Model is off by about 1.8

In [9]:
#Lets see how good this model is at predicting the war of Cody Bellinger 23*-0.29572013 + 588*0.08446067 + 170*-0.33447882 + 3*0.17841504 + 115*-0.02535493 + 95*0.13098287 + .305*290.18432666 + .406*-554.49044710 + .629*-441.33877812 + 1.035*440.12179753 + 169*0.03939196 + 1*-32.35894696
11.66807378477
In [10]:
9 - 11.66807378477 #Model is off by -2.668
-2.66807378477

For the Regression Analysis, I used R and ran it in a CoCalc Jupyter notebook. This way made it easier to add and delete data, while making it look clean. For this analysis, I started out with 25 different factors and was able to narrow it down to 11 by adding and deleting different data points.

Over the course of the project, it became clearer that finding a fit that I was comfortable with was going to be an art and a science. This was the case because there were some statistics that are not great indicators for how good of a batter someone is, but they were getting high t - values. Keeping these would have yielded a better fit, but I could not keep them in good faith.

The first couple that were deleted were obvious bad fits. These were Total Bases, On-Base percentage, Stolen Bases, etc. Deleting these did help me get a better fit. I was able to go from a fit of 0.5737 to almost a one to one fit of 0.909. Although that is a great fit, like I mentioned before there were some stats that I felt needed to be removed from the model. I will talk about two examples from ones that I deleted.
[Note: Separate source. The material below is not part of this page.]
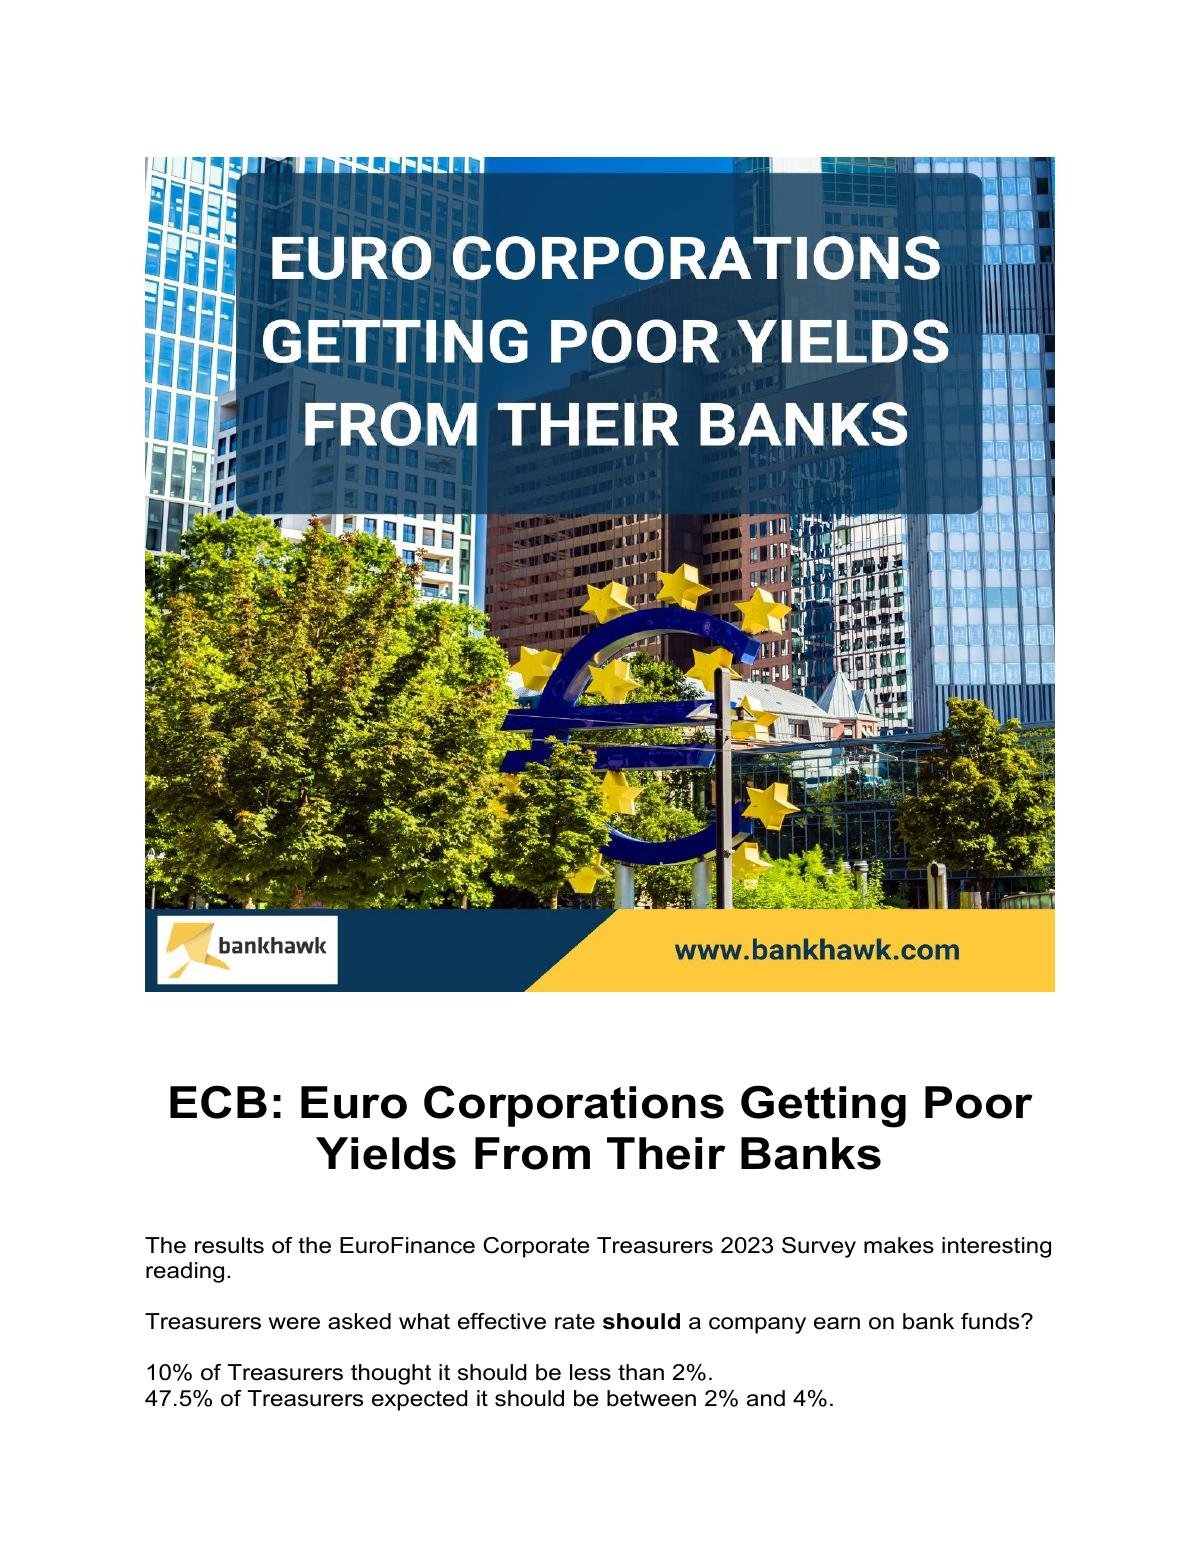 ECB: Euro Corporations Getting Poor Yields From Their Banks
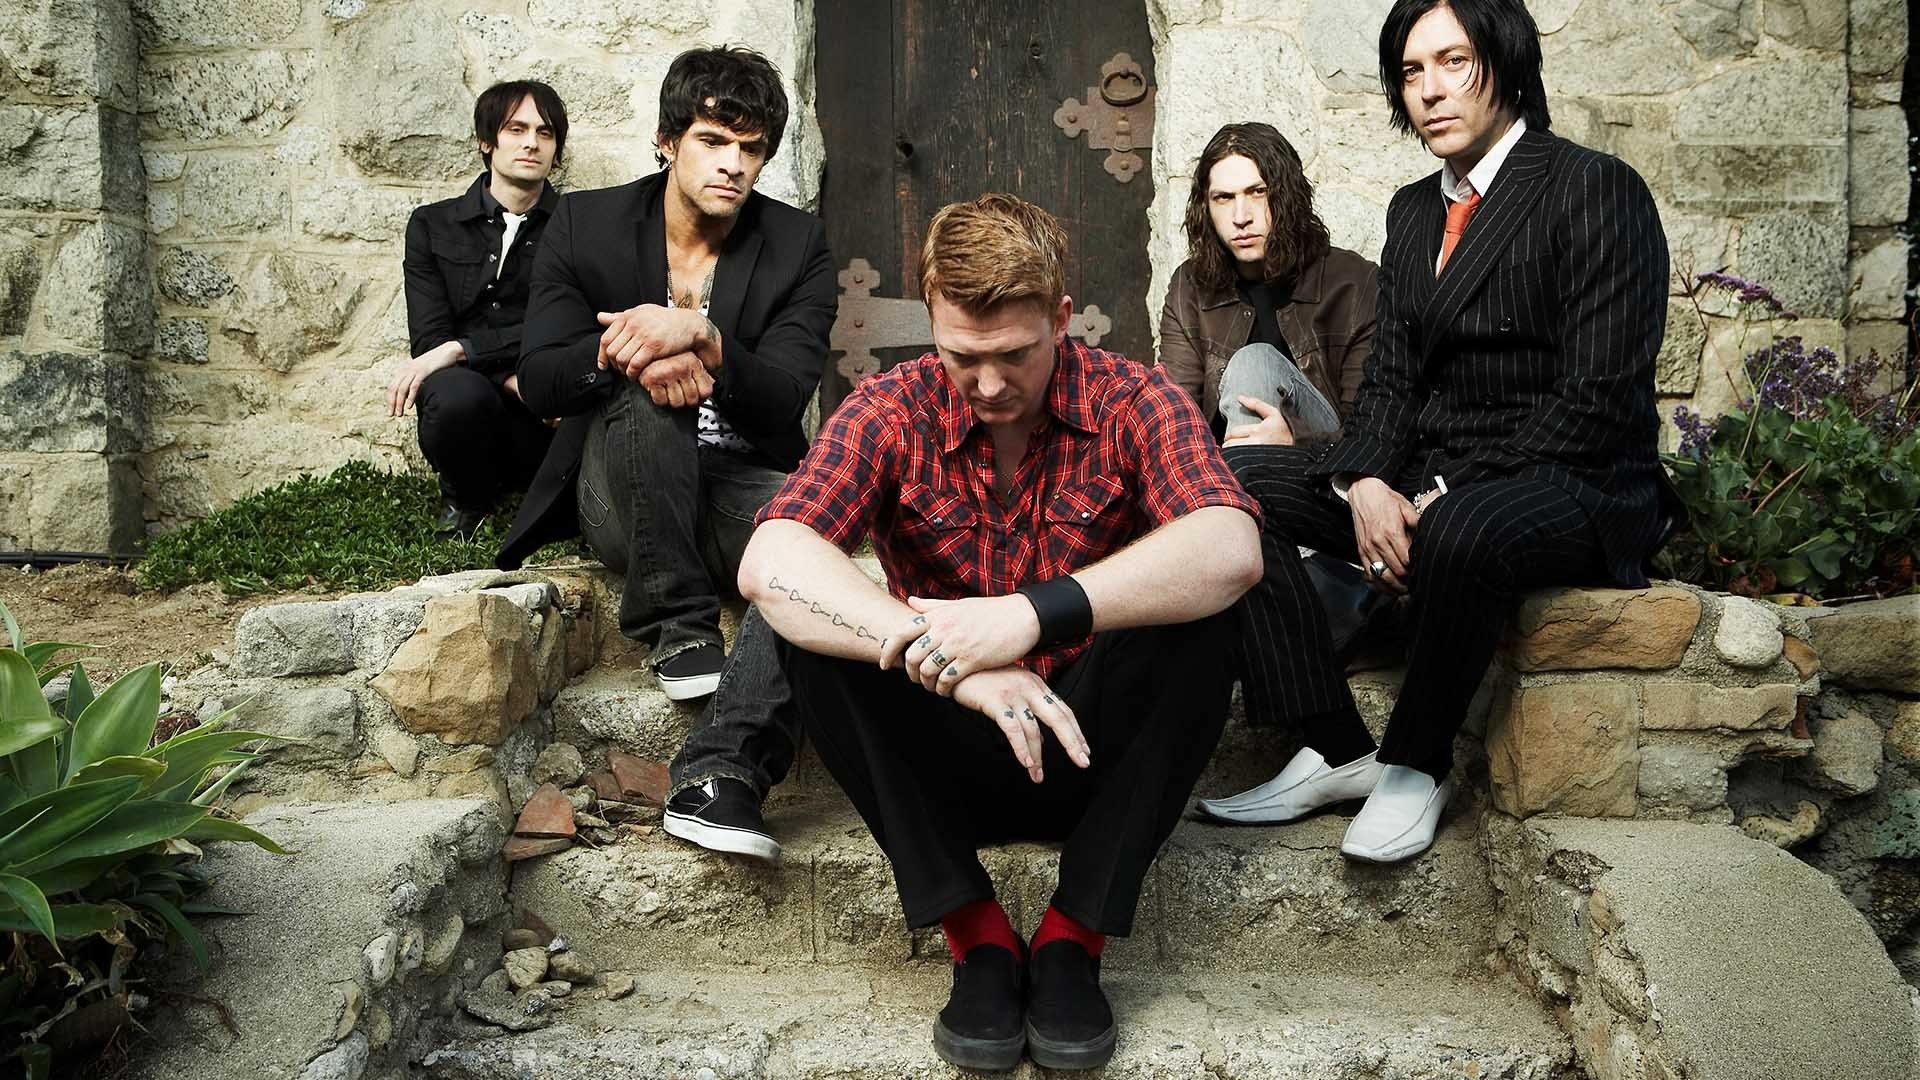 1920x1080 Get the latest queens of the stone age, band, clothes news, pictures and  videos and learn all about queens of the stone age, band, clothes from ...

The first example of these statistics is Hit by Pitch. This stat only tells us how many times a player gets unintentionally hit by a pitch. At the major league level getting hit by a pitch is not a common occurrence. The top five players had only between 8 – 10 in this category, and most players had over 600 plate appearances. Players should not expect to be hit by a pitch when they step into a Major League batters’ box. Yet, hit by pitch had a -3.698 t – score, indicating that it is a significant data point.

Another example of one of this Sacrifice Hits. Out of the 26 players with the highest WAR scores, 18 players had a zero in this category. Sacrifice Hits are situational and not great indictors for success per plate appearance. Sacrifice Hits happen when a player attempts to move baserunners into scoring position by bunting. The problem with this is that we are looking at the top 26 players when it comes to WAR. This means that they probably provide valuable offense to their team. If they are among the best players, why would you not just let them try to get a hit. Also, a player could provide more value by just getting a hit because the player at the plate and the baserunners could be on base. Despite this, Sacrifice Hits had a high t – value score of -4.834.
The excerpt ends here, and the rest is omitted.